この記事では、セルフプレーの基本的な流れから、初心者が知っておくべきコツや注意点まで詳しく解説する。ポイントを押さえておけば、初めてのセルフプレーでも快適にラウンドを楽しめるはずだ。

セルフプレーとは?キャディ付きプレーとの違い
まず、セルフプレーの基本を整理しておこう。
セルフプレーの特徴
セルフプレーでは、キャディのサポートなしにプレーヤー自身がすべてを行う。具体的には以下の作業を自分たちで担当することになる。
- クラブの選択と受け渡し:自分でバッグからクラブを選んで持っていく
- 残り距離の確認:カートナビやヤード杭を使って自分で確認する
- グリーンのライン読み:自分の目で傾斜を判断する
- ボール探し:同伴者と協力して探す
- バンカーならし、ディボット修復:自分でやる
- カートの運転:交代で運転する(自走式の場合)
セルフプレーのメリット
セルフプレーには以下のようなメリットがある。
- 費用が安い:キャディフィー(1組あたり3,000〜5,000円程度)がかからない
- 自分のペースでプレーできる:クラブ選択やライン読みを自分で行うため、自分のリズムでプレーしやすい
- コースマネジメント力が身につく:自分で距離を計測し、戦略を考えることで実力がつく
- 気楽にプレーできる:キャディがいないぶん、仲間内で気兼ねなく楽しめる
セルフプレーのデメリット
- コースのレイアウトが分からない場合、攻め方に迷うことがある
- グリーンのライン読みを自分でやらなければならない
- ボール探しに手間取ると、スロープレーになりやすい
デメリットはあるものの、カートに搭載されたGPSナビや距離計アプリの普及により、セルフプレーでもコースの情報を得やすくなっている。初心者でもツールを活用すれば、キャディなしでも十分にプレーを楽しめる環境が整っているのだ。
セルフプレーの1日の流れ
初めてのセルフプレーで戸惑わないように、当日の流れを時系列で確認しておこう。
到着〜受付
スタート時間の30分〜1時間前にはゴルフ場に到着するようにしよう。フロントで受付を済ませ、ロッカーで着替えてから練習場(打ちっぱなし)やパッティンググリーンでウォーミングアップする。
カートへの荷物積み込み
セルフプレーでは、カートへのゴルフバッグの積み込みは自分で行うことが多い。ゴルフ場によってはスタッフが積み込んでくれるところもあるが、セルフプレー主体のコースでは基本的に自分で行う。カートの位置はフロントやマスター室で確認しよう。
スタート
スタート時間になったら、1番ホール(またはゴルフ場が指定した「アウト」か「イン」のスタートホール)へ移動してプレーを開始する。スタート時間に遅れるのは最もやってはいけないマナー違反なので、余裕を持って準備しておこう。
前半9ホール → 昼食 → 後半9ホール
日本のゴルフ場では、前半9ホールをプレーした後にクラブハウスのレストランで昼食を取り、後半9ホールをプレーするのが一般的な流れである。スループレー(休憩なしで18ホール続けてプレー)ができるゴルフ場も増えてきているので、予約時に確認しておこう。
プレー終了〜精算
18ホールを終えたら、カートをカート置き場に戻し、荷物を降ろす。ロッカーで着替えてからフロントで精算して終了だ。

セルフプレーで使える便利ツール
キャディがいない分、自分で距離やコース情報を把握する必要がある。以下の便利ツールを活用しよう。
カートナビ(GPSナビ)
多くのゴルフ場のカートには、GPSナビゲーションが搭載されている。残り距離、グリーンまでのヤーデージ、ハザード(バンカーや池)の位置がリアルタイムで表示されるので、コースを知らなくても安心してプレーできる。

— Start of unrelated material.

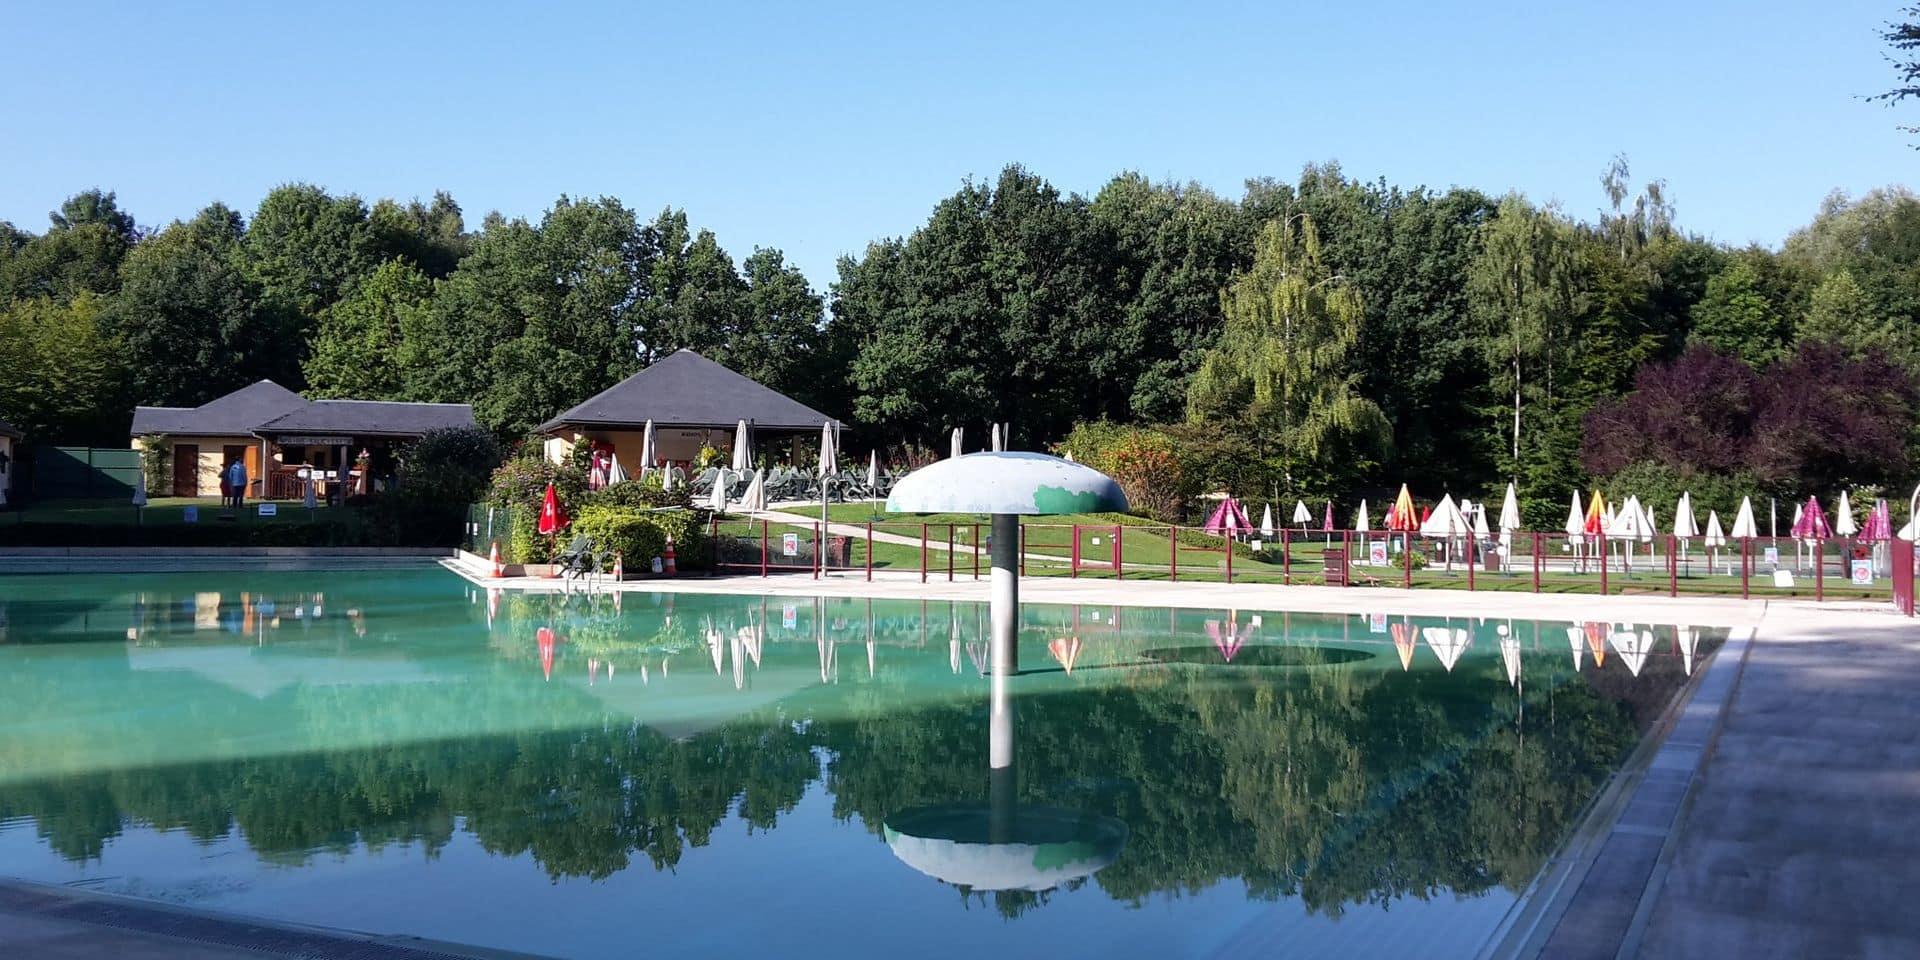 Le projet de rénovation de la piscine du Bois des Rêves tombe à l'eau
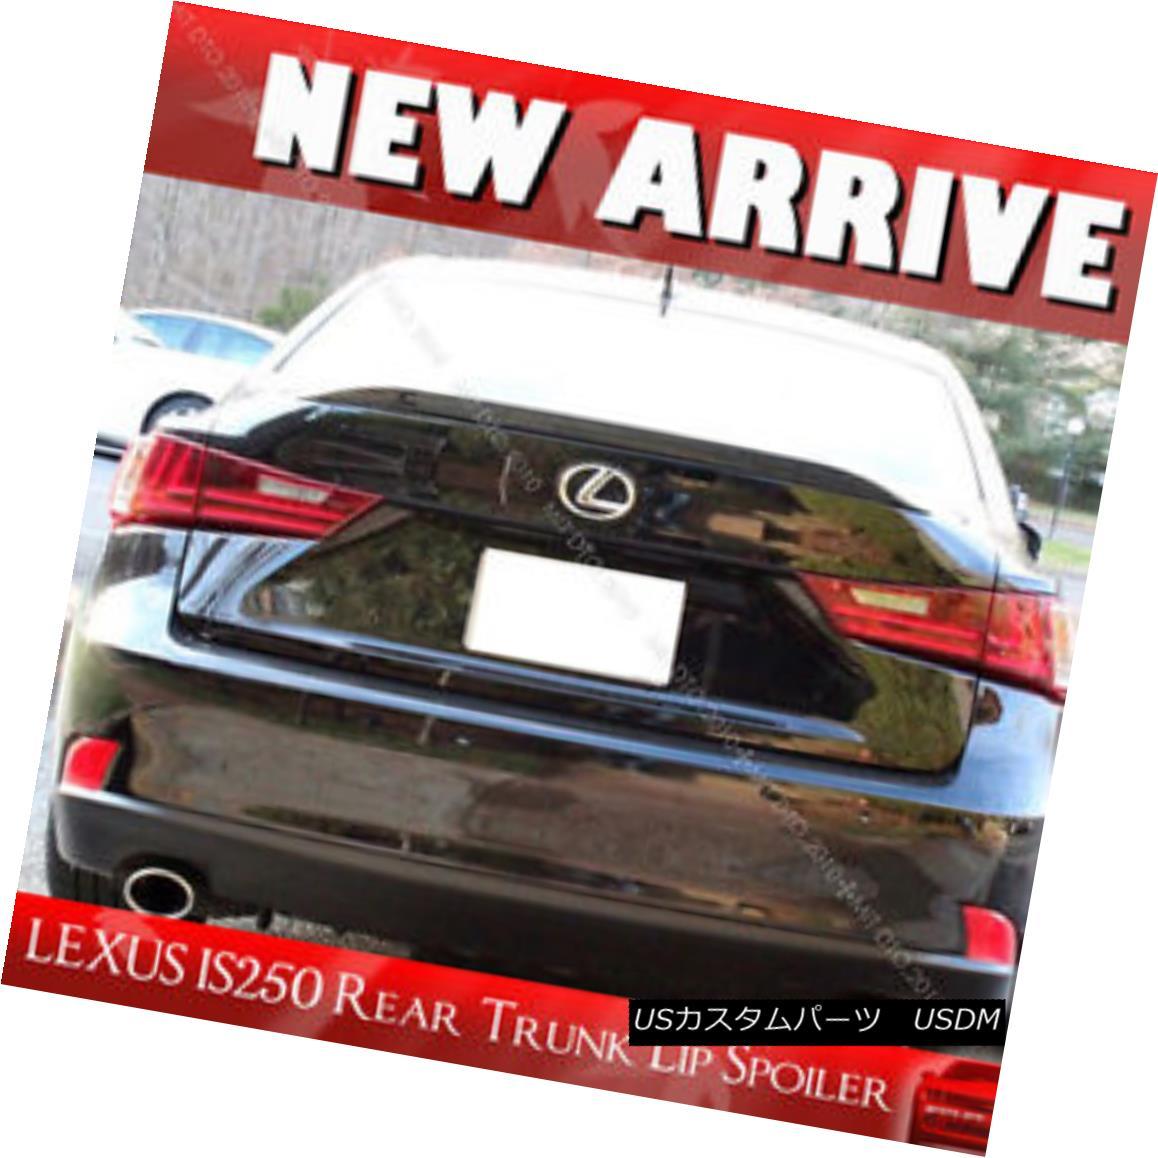 エアロパーツ Painted for Lexus IS250 IS350 IS F Window Rear Trunk Lip Spoiler #202 BLACK § レクサスIS250 IS350 IS Fウインドリアトランクリップスポイラー#202 BLACK Pain

カートナビの操作方法が分からない場合は、スタート前にマスター室のスタッフに聞いておくと良い。
スマートフォンの距離計アプリ
スマートフォンに入れられるゴルフ用の距離計アプリも便利だ。GPSで現在地からグリーンまでの距離を自動計測してくれるものが多く、無料で使えるアプリもある。カートナビがないゴルフ場でも、スマホアプリがあれば距離の把握に困ることはない。
レーザー距離計
ピンフラッグまでの正確な距離を測定できるレーザー距離計は、セルフプレーの強い味方だ。カートナビよりも精度が高く、ピンまでの距離をピンポイントで測定できる。最近はルール上も使用が認められているので、1台持っておくと非常に役立つ。
![]()
![]()
ヤード杭の見方
コース上には残り距離を示すヤード杭が立てられている。一般的に、残り100ヤード、150ヤード、200ヤードの位置に杭や表示があることが多い。ゴルフ場によって色分けのルールが異なるが、コースガイドやカートナビで確認できる。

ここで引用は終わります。